Solar panels and other system components degrade over time, leading to decreased energy output. The efficiency of solar panels typically diminishes by about 0.5% annually.[i] Solar developers have talked a lot about decommissioning their plants in 20-25 years, when the panels have lost as much as 15% of their efficiency. But decommissioning isn’t the only option, or even the most likely one. In many cases, the project owner can choose repowering over decommissioning by outfitting the project with new panels, inverters, racking, or even a new layout.
A successful solar plant doesn’t suddenly lose its value when its panels reach the end of their warranty period. For example, retaining an existing electric grid connection instead of requesting a new one can save millions of dollars and years of studies. On purchased land, project owners have every reason to repower rather than decommission. Even with leased land, though, repowering can be an attractive option for both the project owner and landowner.
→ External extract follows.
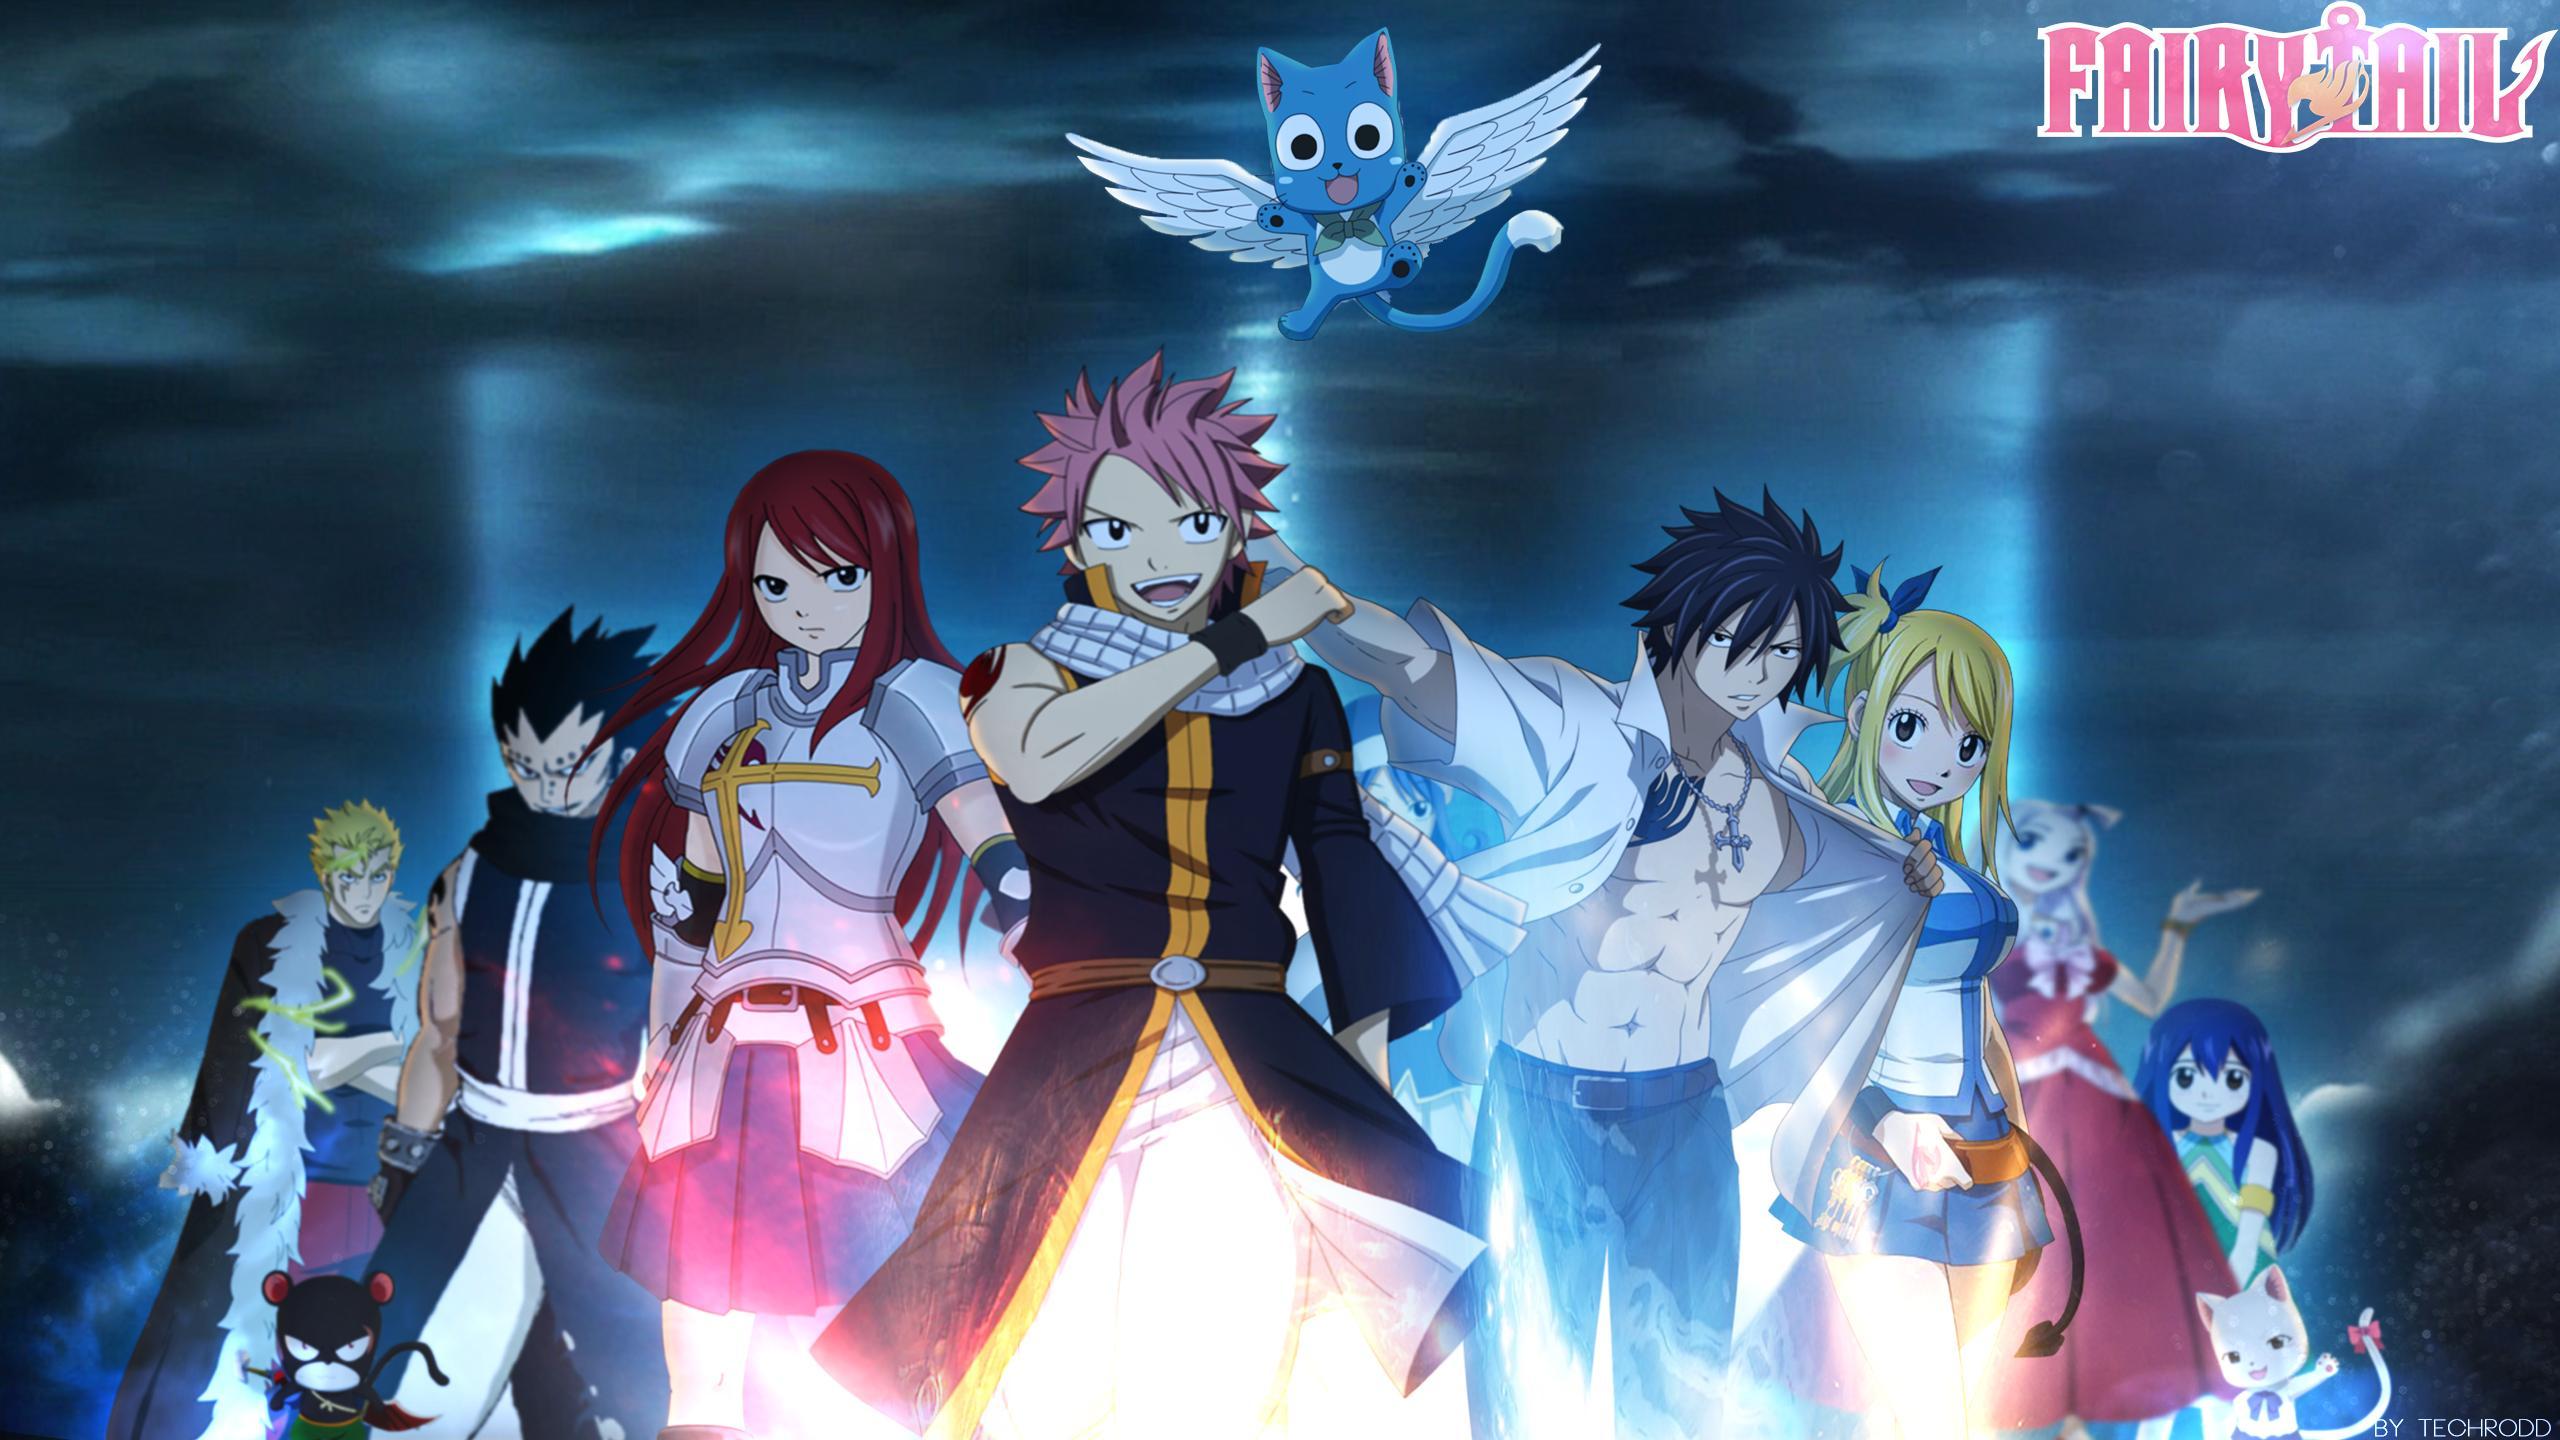 Fairy Tail 498 Spoilers: Invel Makes His Appearance; Gray To Go Up
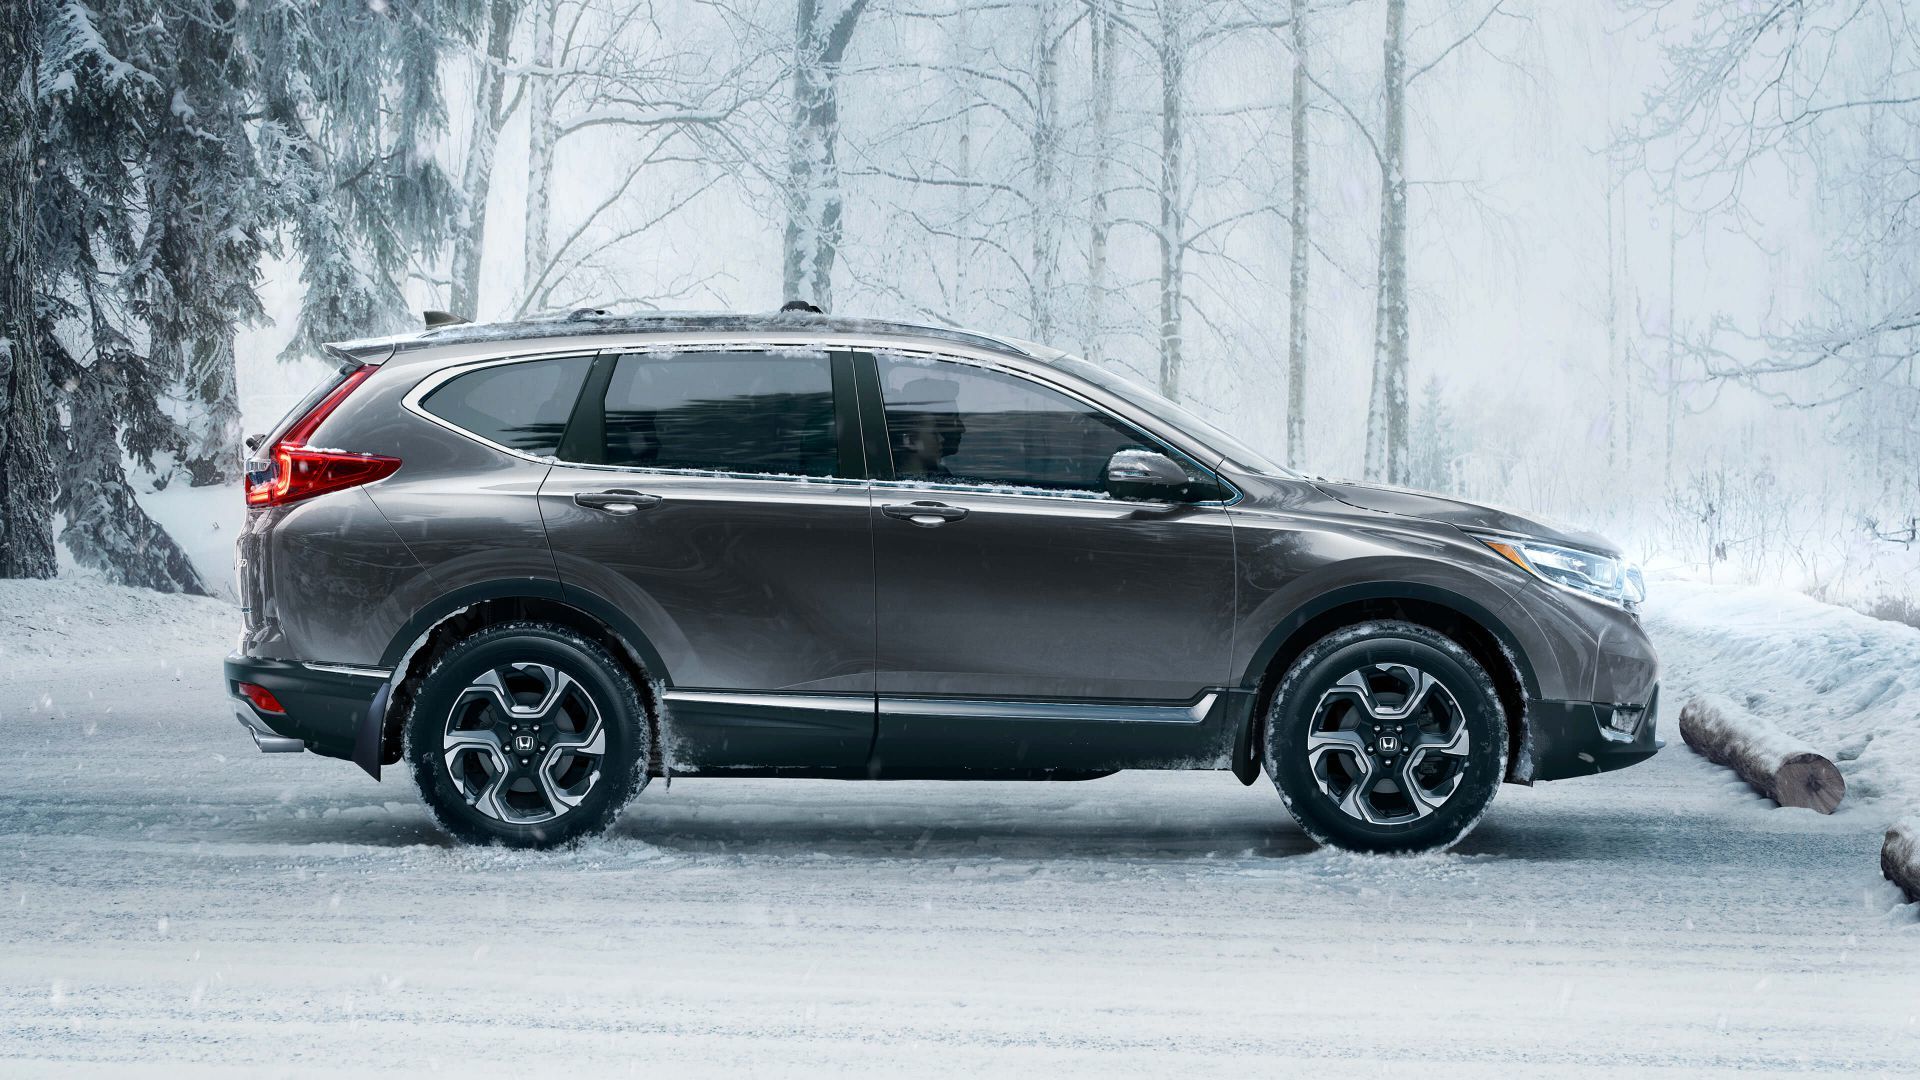 2018 Honda CR-V in a forest during the winter season

Because newer panels require less space to produce the same amount of power, it may be possible in some cases to increase the plant’s overall output through repowering and expansion. In fact, it may be cost-effective to repower the plant well before the end of its engineering lifespan. Repowering may be a consideration when replacing first- and second-generation inverters, many of which need to be replaced after only 10-15 years.[ii] Some project owners may find it more cost-effective to replace the panels as well as the inverters.
Decommissioning
When a project is decommissioned, the panels, racking, and other components are removed entirely. Buried wires below a certain depth are usually left in place. Stripped topsoil is replaced and graded as needed. Often a land lease specifies details of how the land is to be left: whether decompaction takes place or drainage structures are replaced.
Steel racking can be recycled, as can certain other components. Recycling for panels is not widely available, and recycling won’t eliminate the need to dispose of many tons of waste. For more on recycling vs. landfilling panels, see my post Solar panels and recycling in NYS.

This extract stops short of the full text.